◆ Given material:
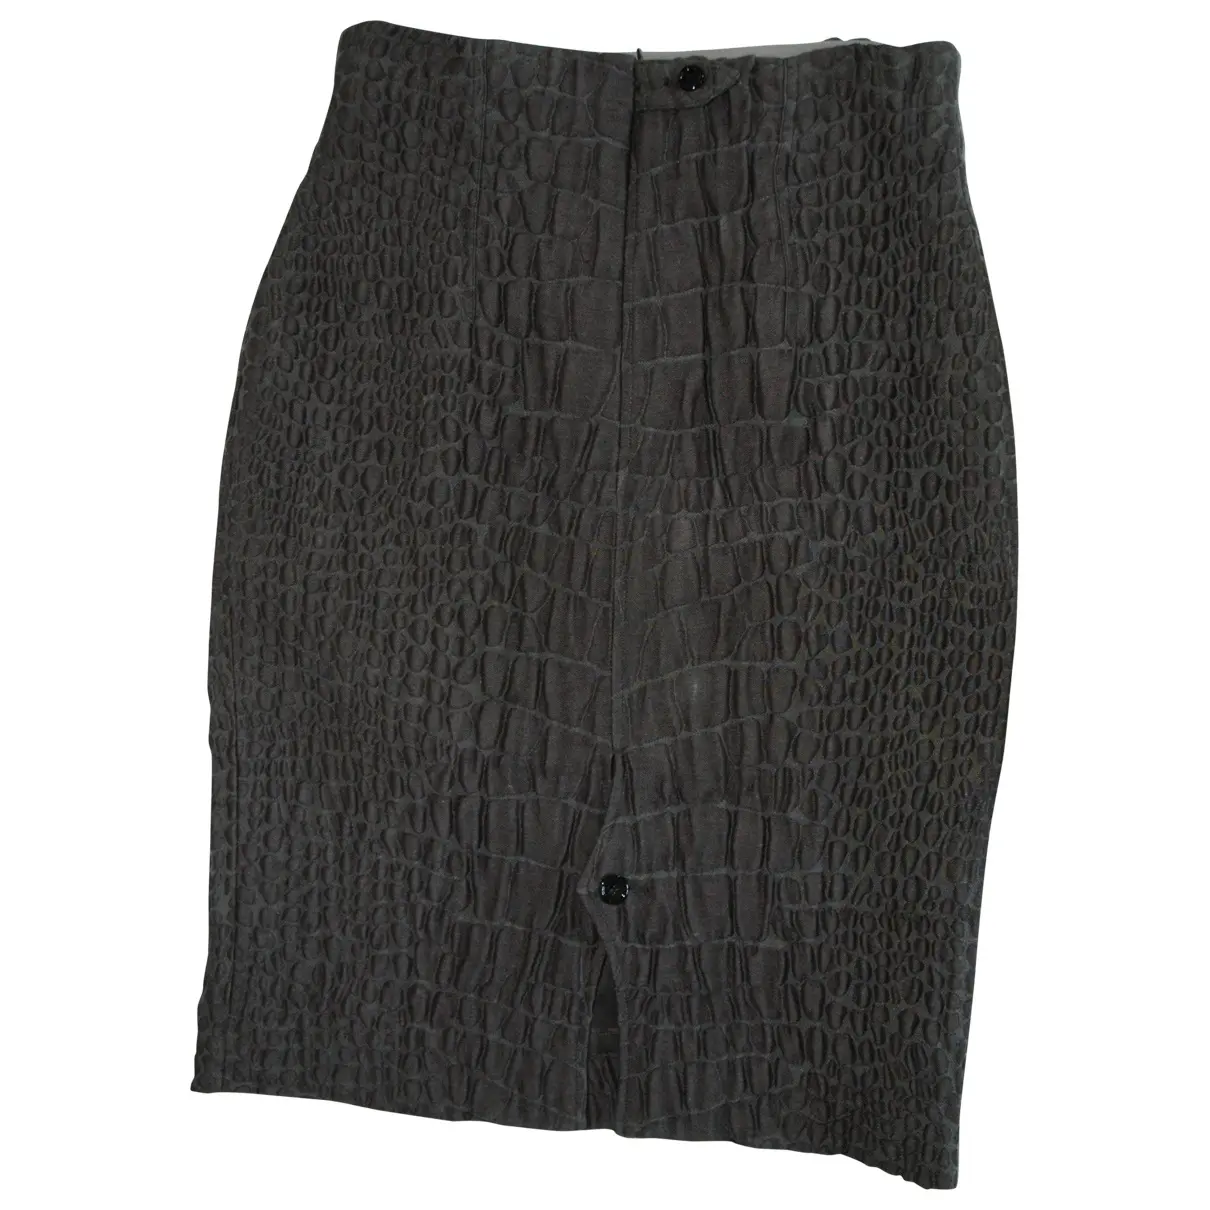 Yves Saint Laurent Skirt for sale - Vintage
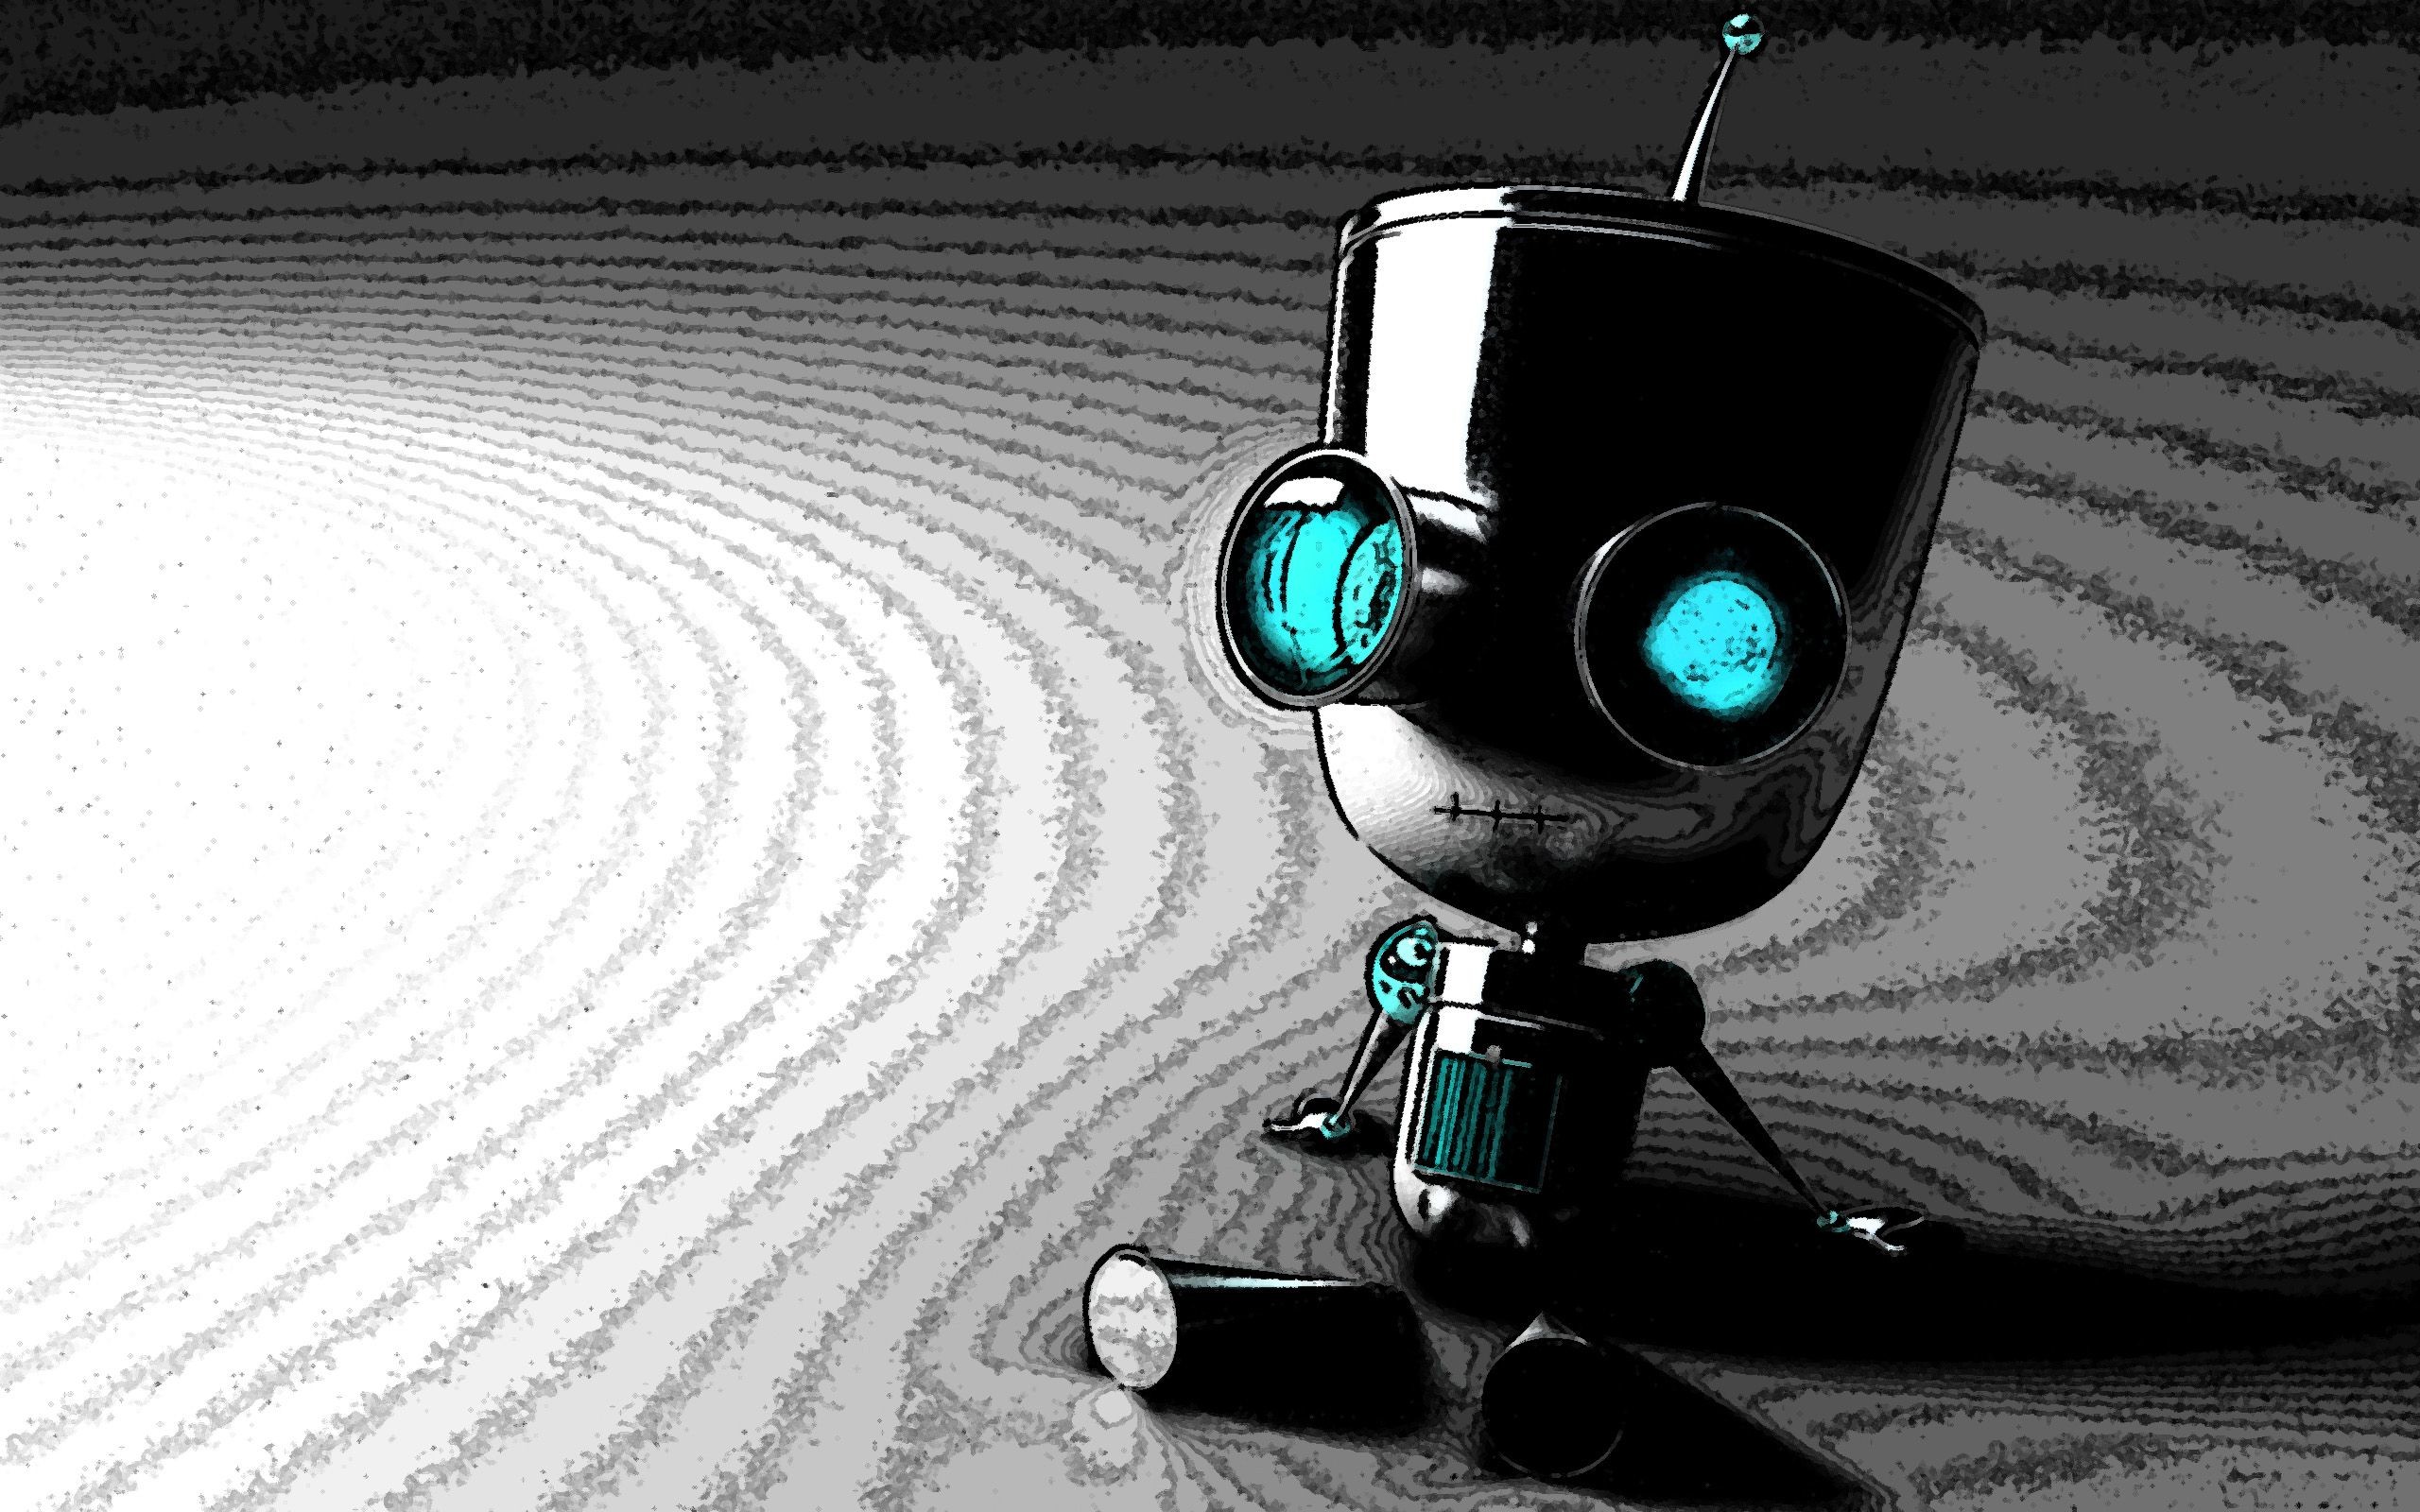 2560x1600 Hd wallpaper robot - Hd Robot Wallpapers Download. Hd wallpaper robot - Hd Robot  Wallpapers Download
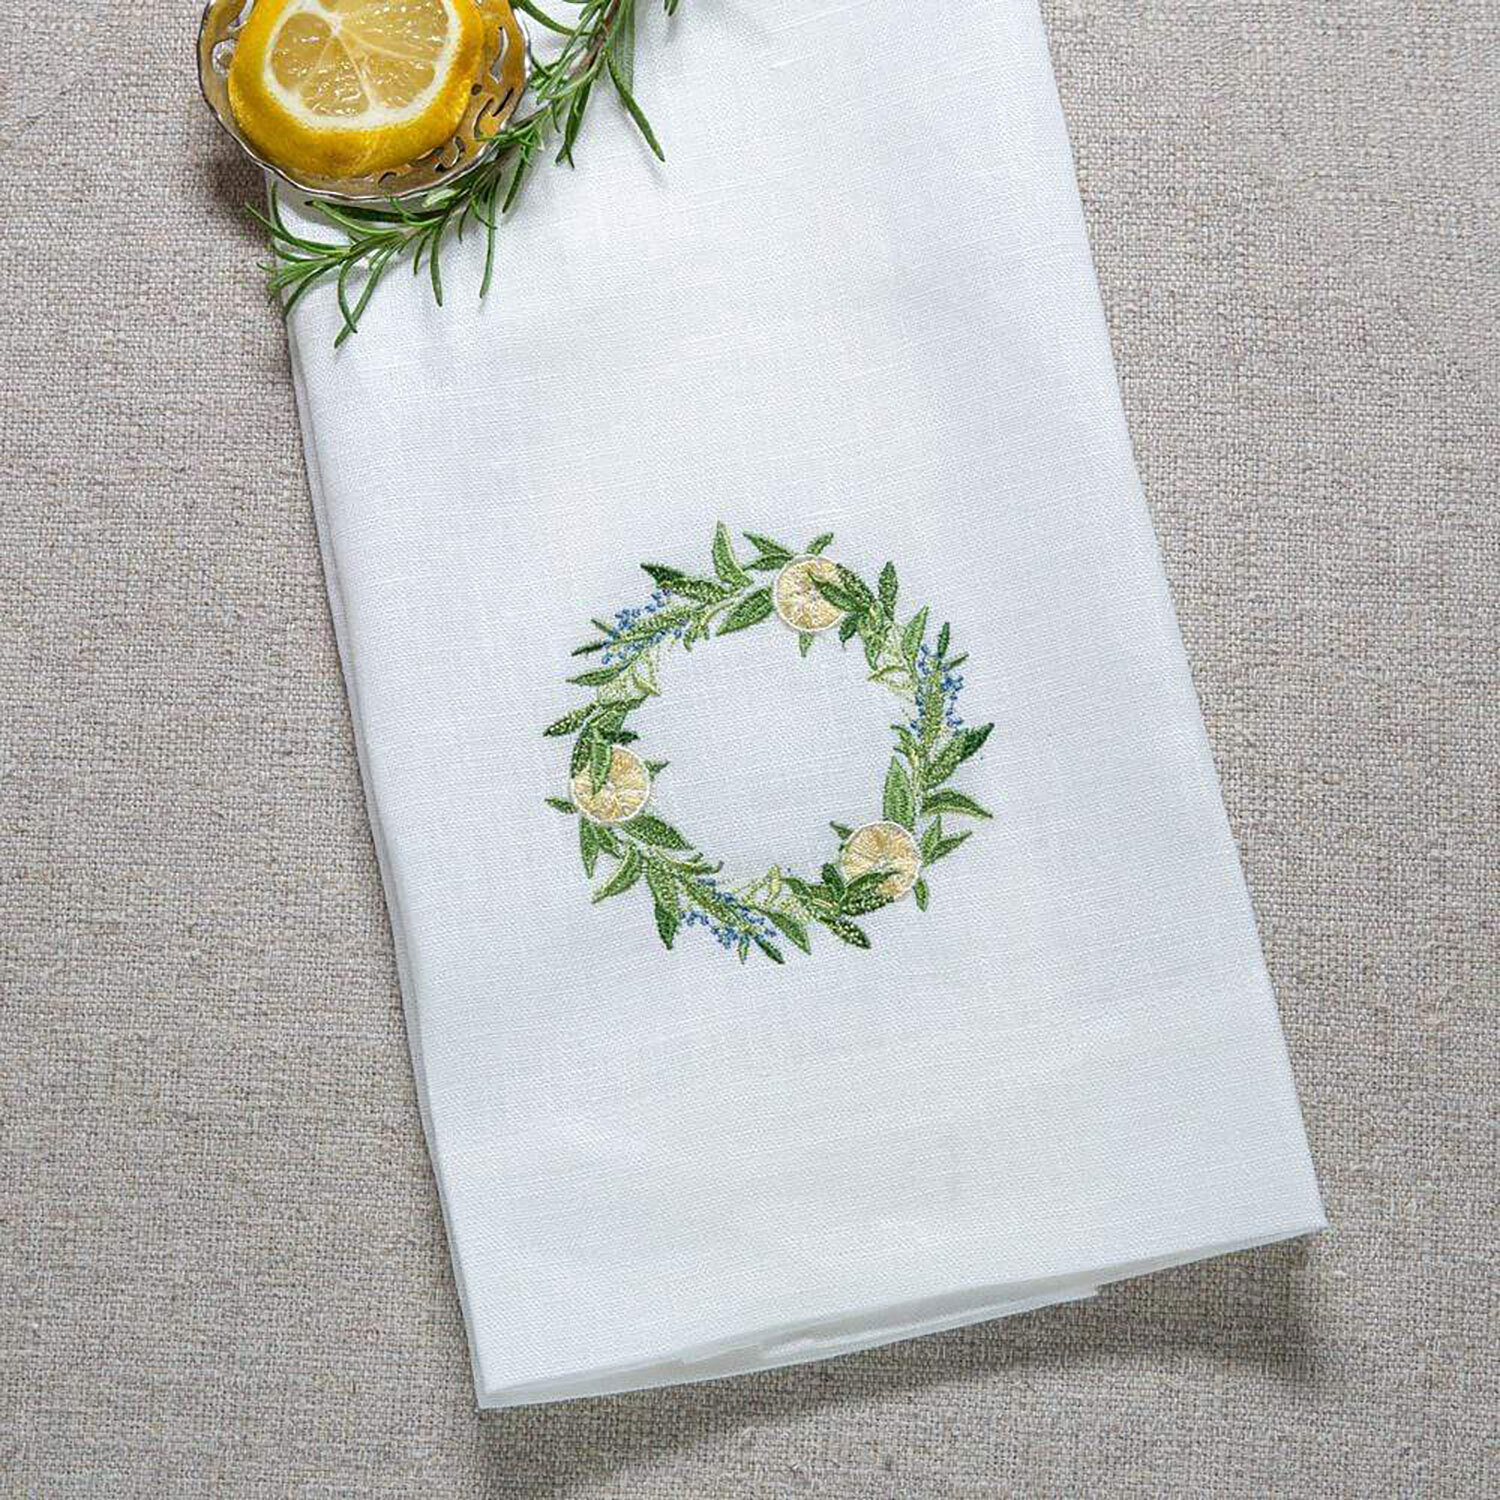 Crown Lemon Wreath Linen Towel White Set of 4 T1016
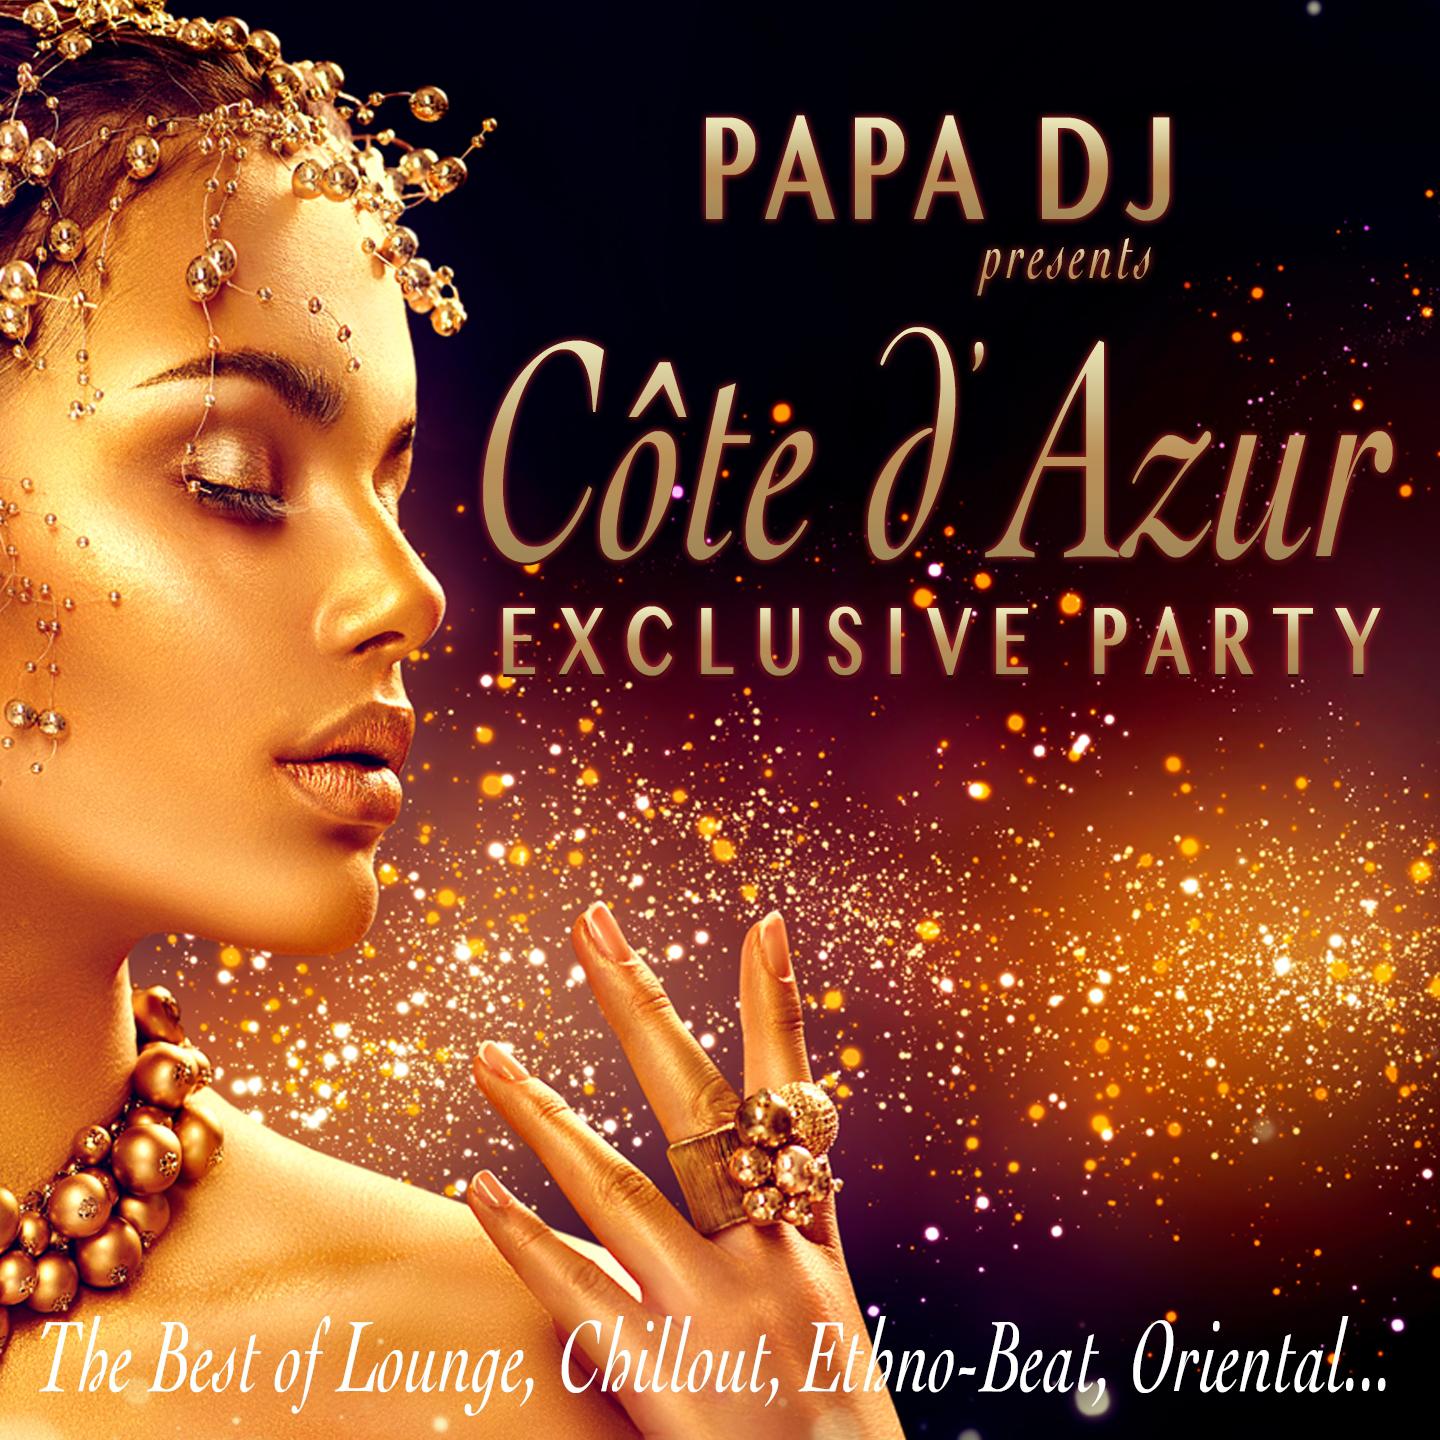 Papa DJ Presents C te D' azur Exclusive Party

◆ Exercise prompt:
A word-for-word transcription of the listing is needed, minus its images.

◆ Your response:
 Yves Saint Laurent Skirt for sale - Vintage
 2560x1600 Hd wallpaper robot - Hd Robot Wallpapers Download. Hd wallpaper robot - Hd Robot  Wallpapers Download
 Crown Lemon Wreath Linen Towel White Set of 4 T1016
 Papa DJ Presents C te D' azur Exclusive Party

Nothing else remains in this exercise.